I want to implement a simple SceneGraph in Haskell using Data.Tree consisting of Transform and Shape nodes. In a SceneGraph the spatial transformation is accumulated while traversing and applied to the shape for rendering.

type Transform = Vector2 Double
data Shape     = Circle Double | Square Double
data SceneNode = XFormNode Transform | ShapeNode Shape

Say we have a scene with an object which is moved to the right and consisting of a Square at bottom and a Circle on top

^
|
|  ()
|  []
0----->

I came up with this tree definition:

let tree = Node (XFormNode (vector2 10 0))
                [Node (ShapeNode (Square 10)) []
                ,Node (XFormNode (vector2 0 10))
                      [Node (ShapeNode (Circle 10)) []]
                ]

The rendering would be something like this:

render :: Position2 -> Shape -> IO ()
render p (Circle r) = drawCircle p r
render p (Square a) = drawSquare p a

My questions are:

1) How do you define a traverse function, which accumulates the transformation and calls the render tasks?

2) How do you avoid making the traverse IO?

3) Is there a shorter version to define this tree? All but the first Node definition and all empty subForests are actually superfluous.

Thank you!

+1  A: 

I like to represent trees as monadic lists with an underlying list monad. if this sentence is confusing, just look at the code:

import Control.Applicative (liftA2)
import Control.Monad.ListT (ListT) -- "List" in hackage
import Data.List.Class (cons, joinL, lastL, scanl) -- "List" in hackage
import Data.Monoid (mempty)
import Data.Tensor (Vector2 (..)) -- "Tensor" in hackage
import Prelude hiding (scanl)

type Transform = Vector2 Double
data Shape     = Circle Double | Square Double deriving Show
data SceneNode = XFormNode Transform | ShapeNode Shape deriving Show

tree :: ListT [] SceneNode
tree
    = cons (XFormNode (Vector2 10 0))
    $ joinL
        [ cons (ShapeNode (Square 10)) mempty
        , cons (XFormNode (Vector2 0 10)) $ cons (ShapeNode (Circle 10)) mempty
        ]

traverseStep :: (Transform, SceneNode) -> SceneNode -> (Transform, SceneNode)
traverseStep (ta, _) n@(XFormNode tb) = (liftA2 (+) ta tb, n)
traverseStep (t, _) n = (t, n)

ghci> lastL $ scanl traverseStep (Vector2 0 0, XFormNode (Vector2 0 0)) tree
[ (Vector2 10.0 0.0,  ShapeNode (Square 10.0))
, (Vector2 10.0 10.0, ShapeNode (Circle 10.0))
]

These trees differ from those in Data.Tree in that:

  • You can use the existing functions for monads and lists (like scanl) for these.

  • They can be monadic

  • Leafs and nodes with 0 children are different things.

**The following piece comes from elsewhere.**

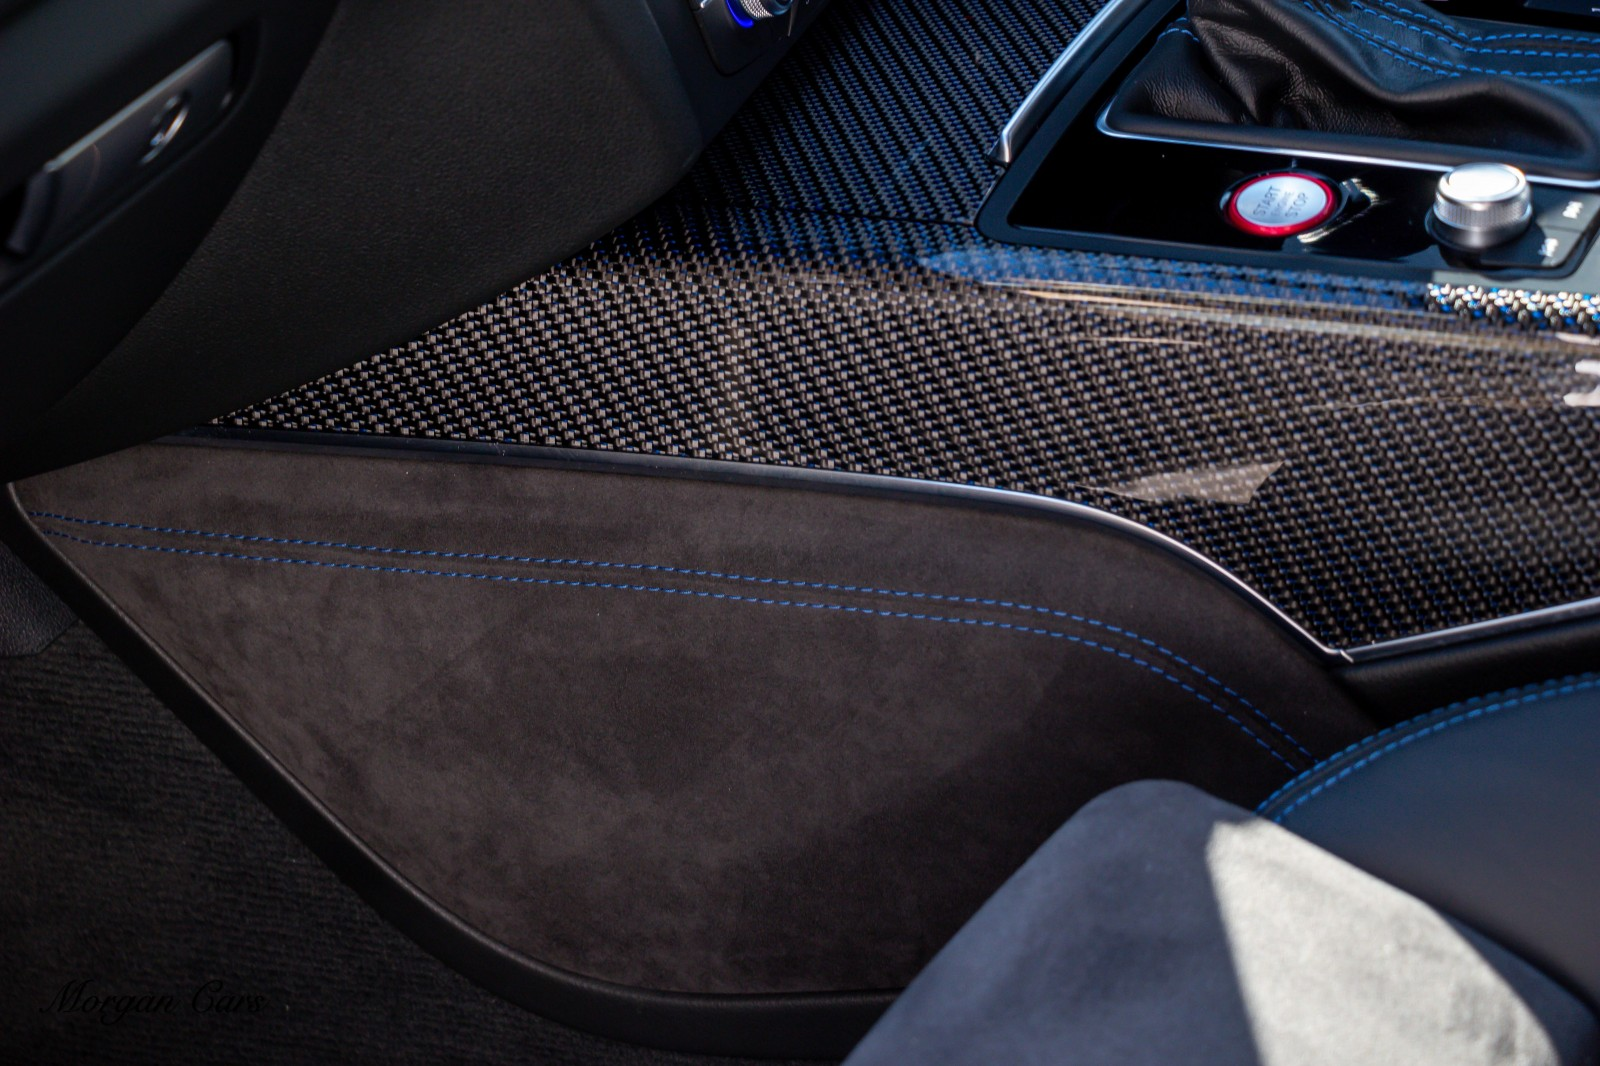 2017 Audi A6 RS6 PERFORMANCE AVANT TFSI QUATTRO Petrol Automatic – Morgan Cars 9 Mound Road, Warrenpoint, Newry BT34 3LW, UK full

This might make sense in some situations (for example to differentiate an empty directory from a file)
    • cons x mempty is a leaf, and cons x (joinL []) is a node with 0 children.
yairchu
+1  A: 

Paradoxically, Data.Tree is not used very often in Haskell because defining a custom tree type is so easy. In your case, I would implement the scene graph (tree) as follows:

type Transform = Vector2 Double
data Shape     = Circle Double | Square Double
data Scene     = Transform Transform [Scene] | Shape Shape

Your example becomes

example :: Scene
example = Transform (vector2 10 0)
                    [ Shape (Square 10)
                    , Transform (vector2 0 10) [Shape (Circle 10)]
                    ]

This answers point 3.

To traverse the tree, use recursion:

render :: Position2 -> Scene -> IO ()
render p (Transform v scenes) = mapM_ (render (p+v)) scenes
render p (Shape (Circle r))   = drawCircle p r
render p (Shape (Square a))   = drawSquare p a

There are more generic traversals available, for instance in Data.Traversable, but they are more "uniform". In short, using recursion on trees is perfectly fine.

Concering point 2, there is nothing much you can do once you decide that circles and squares should be rendered in the IO monad.

Heinrich Apfelmus